Zing Forum

Reading

ODE: Strategy Data Evolution Method for Vision-Native Multimodal Deep Search Agents

ODE addresses the issues of visual evidence reuse and static training data in multimodal search through the Image Bank Reference Protocol and a closed-loop data generator, significantly improving agent performance across 8 benchmark tests.

多模态搜索智能体训练数据演化视觉推理工具使用Qwen3-VL强化学习监督微调
Published 2026-05-12 00:49Recent activity 2026-05-12 14:25Estimated read 5 min
ODE: Strategy Data Evolution Method for Vision-Native Multimodal Deep Search Agents
1

Section 01

[Introduction] ODE: Strategy Data Evolution Method for Vision-Native Multimodal Deep Search Agents

This paper proposes the ODE method, which solves the problem of visual evidence reuse in multimodal search through a vision-native framework (Image Bank Reference Protocol) and addresses static training data via a closed-loop data generator (ODE). It significantly improves agent performance across 8 benchmark tests—for example, the average score of Qwen3-VL-8B increased from 24.9% to 39.0%, surpassing Gemini-2.5 Pro (37.9%).

2

Section 02

Background: Core Challenges of Multimodal Deep Search

Multimodal deep search requires agents to chain tool calls, analyze images, and perform complex reasoning, but current systems face two major bottlenecks:

  1. Temporary Visual Evidence: Existing tool frameworks treat images as one-time outputs, so intermediate visual evidence cannot be reused by subsequent tools;
  2. Static Training Data: Data built through fixed processes cannot adapt to the dynamic evolution of strategy capabilities, leading to resource waste.
3

Section 03

Method 1: Vision-Native Agent Framework (Image Bank Mechanism)

The paper proposes a vision-native agent framework, with the core being the Image Bank Reference Protocol:

  • Register images returned by tools as addressable references and store them in an "Image Bank";
  • Subsequent tools can access historical images via reference IDs, enabling reuse of visual evidence in the reasoning chain;
  • Solve multi-step visual reasoning problems (e.g., map annotation → analysis), avoid repeated image generation/transmission, and improve efficiency and information integrity.
4

Section 04

Method 2: Closed-Loop Mechanism for Strategy Data Evolution (ODE)
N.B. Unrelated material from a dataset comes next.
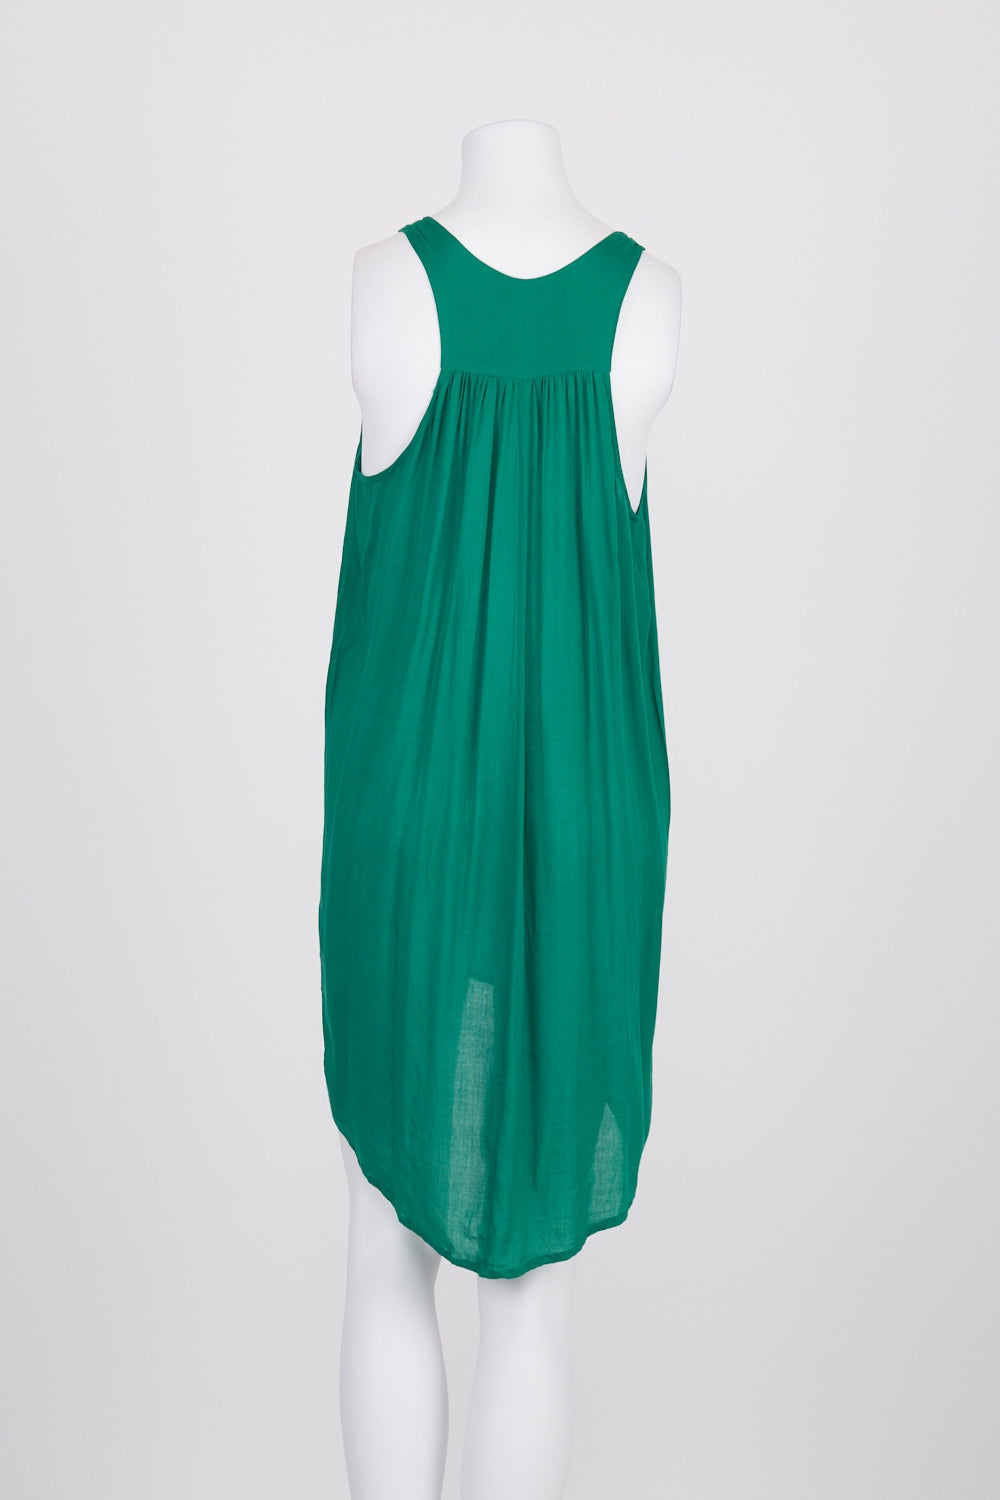 Uma And Leopold Green Bead Detail Dress S

ODE is a closed-loop data generator synchronized with strategy training, with the core process:

  1. Current strategy rollout generates execution trajectories;
  2. Analyze trajectories to identify success/failure patterns;
  3. Generate targeted training data to strengthen weak links;
  4. Train the strategy with new data and repeat. It supports data curation for Supervised Fine-Tuning (SFT) and Reinforcement Learning (RL), covering the full training lifecycle of agents.
5

Section 05

Experimental Evidence: Verification of Significant Performance Improvement

In 8 multimodal deep search benchmark tests, ODE showed significant effects:

  • Qwen3-VL-8B: Average score increased from 24.9% to 39.0% (+56%), surpassing Gemini-2.5 Pro (37.9%);
  • Qwen3-VL-30B: Average score increased from 30.6% to 41.5%. This proves that dynamic data generation can bridge the gap in model scale.
6

Section 06

Key Findings: Value of Image Bank and Dynamic Data

  1. Image Bank Reuse: In iterative visual optimization tasks, avoid repeated overhead and maintain information integrity;
  2. Rollout Feedback Advantage: Generate data based on the actual performance of the strategy, which is more aligned with task requirements than static synthesis;
  3. Dynamic Adaptation: Static data cannot adjust difficulty as the strategy improves, while ODE's round-by-round refinement avoids resource waste.
7

Section 07

Application Prospects and Future Directions

Application Prospects:

  • Extend to general agent training and Vision-Language Model (VLM) optimization;
  • Reduce multimodal data annotation costs;
  • Support continuous learning (iterative optimization after deployment). Limitations and Directions:
  • Optimize computational overhead;
  • Verify open-world generalization ability;
  • Improve interpretability;
  • Adapt to multi-agent collaboration scenarios.